Assigned task =>
The entries below contain pictures. Write out only the lines from the line with "Kartlegging og oppdatering" up to and including the line with "Black Mercedes Pictures", exactly, without them.
Material for the task START
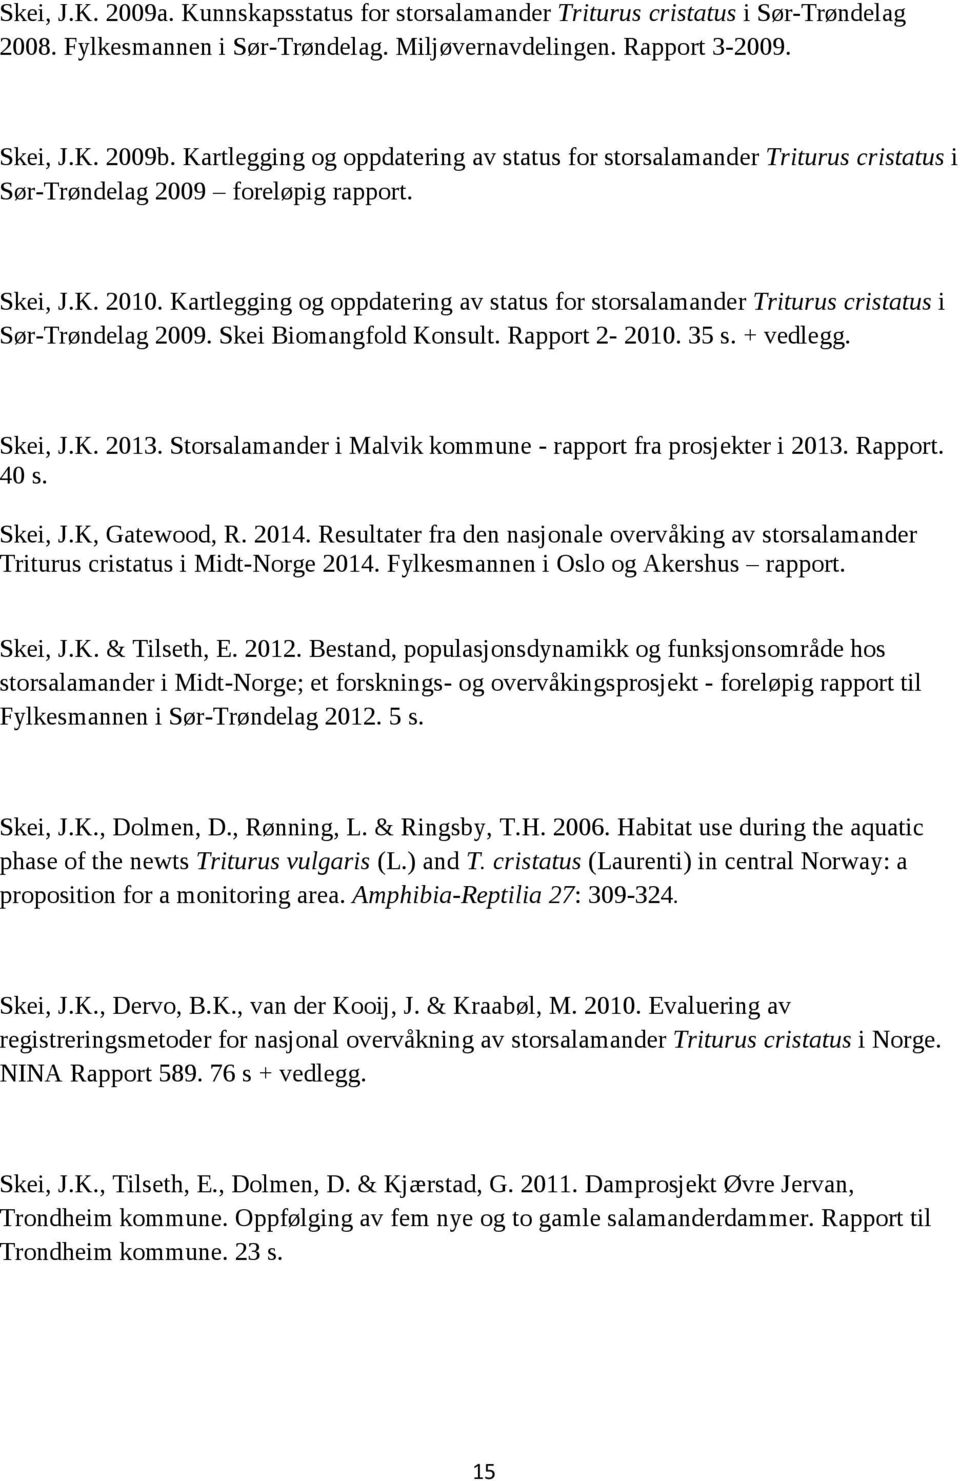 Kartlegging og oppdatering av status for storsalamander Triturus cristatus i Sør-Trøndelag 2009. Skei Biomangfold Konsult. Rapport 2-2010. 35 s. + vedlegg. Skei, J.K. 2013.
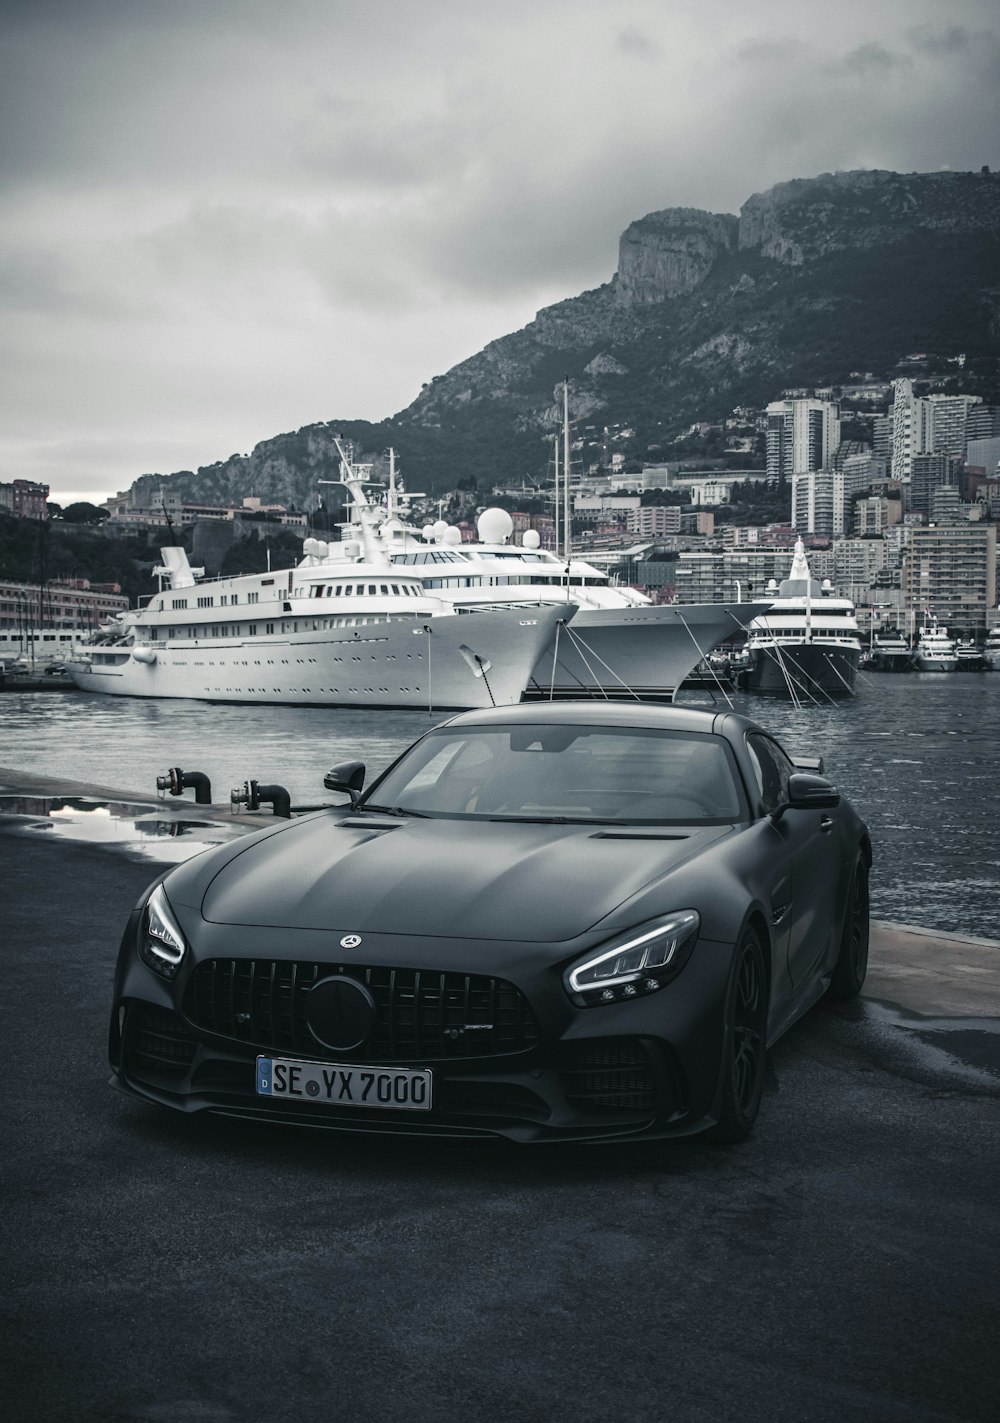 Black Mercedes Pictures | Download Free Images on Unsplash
Material for the task END
Material for the task START
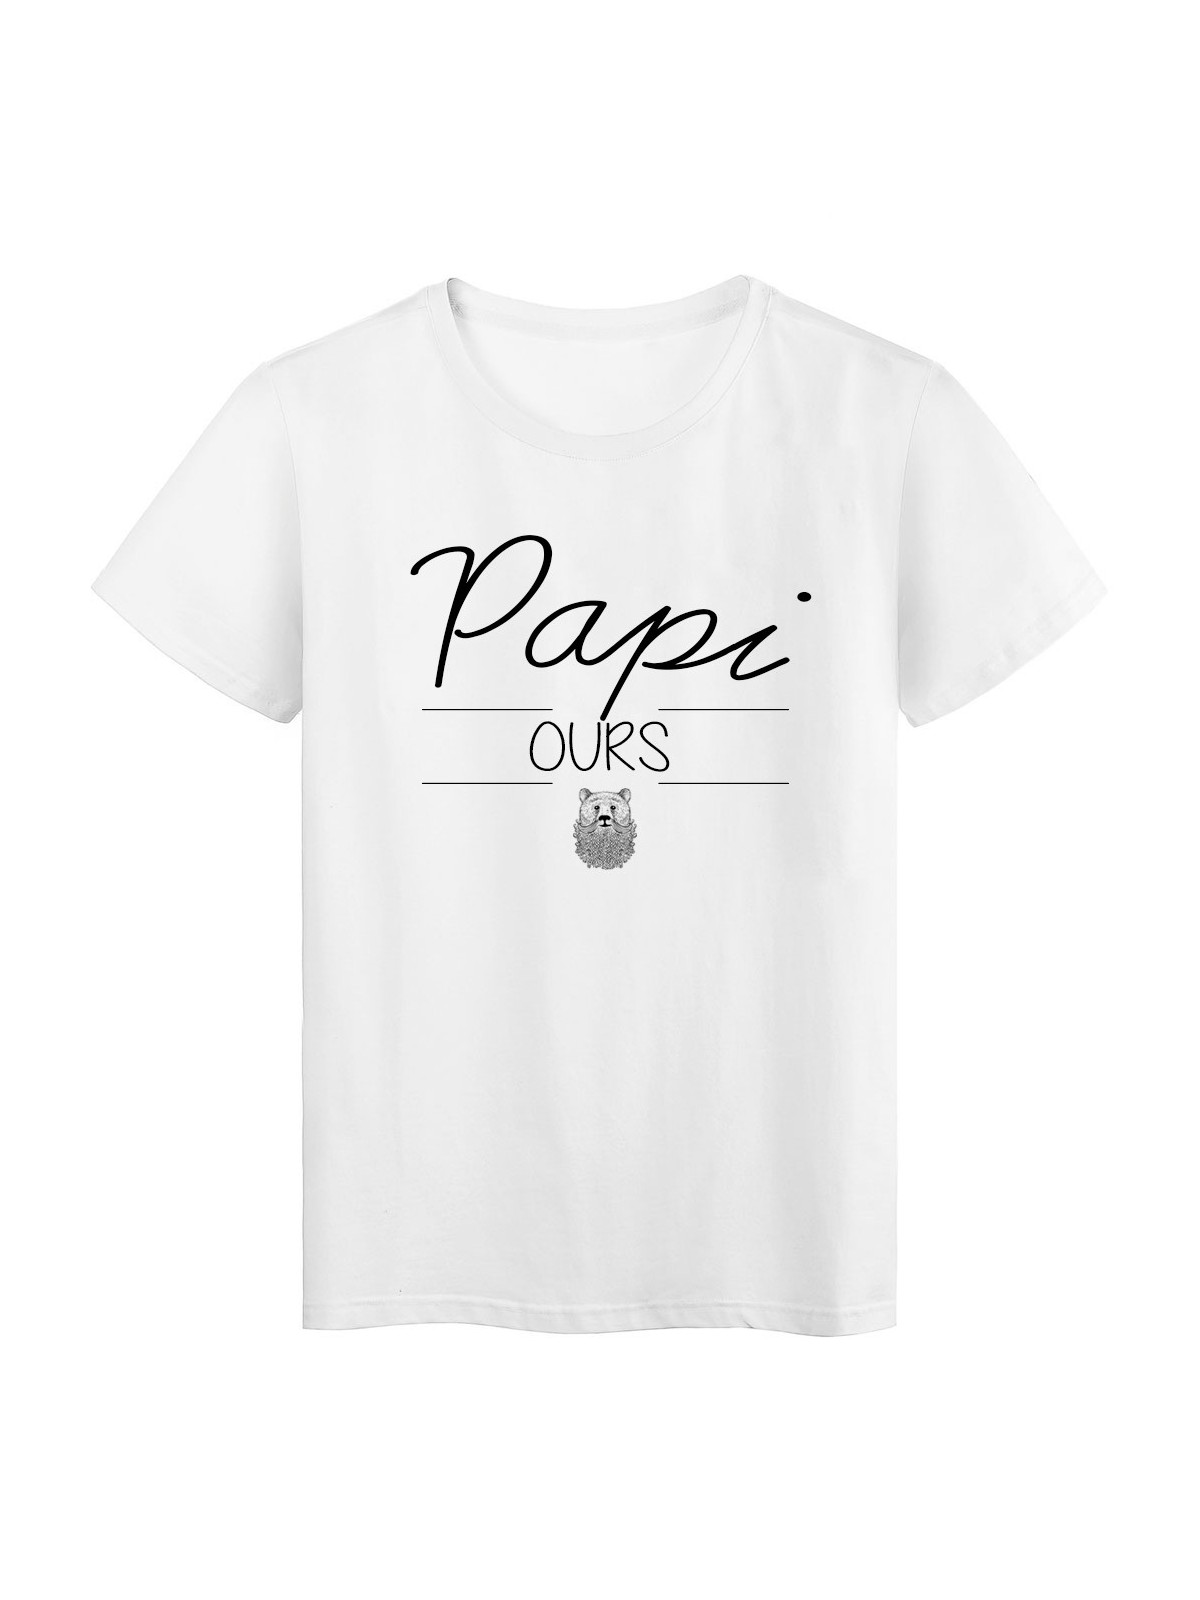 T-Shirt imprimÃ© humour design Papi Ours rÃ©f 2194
Material for the task END
Output for this exercise =>
 Kartlegging og oppdatering av status for storsalamander Triturus cristatus i Sør-Trøndelag 2009. Skei Biomangfold Konsult. Rapport 2-2010. 35 s. + vedlegg. Skei, J.K. 2013.
 Black Mercedes Pictures | Download Free Images on Unsplash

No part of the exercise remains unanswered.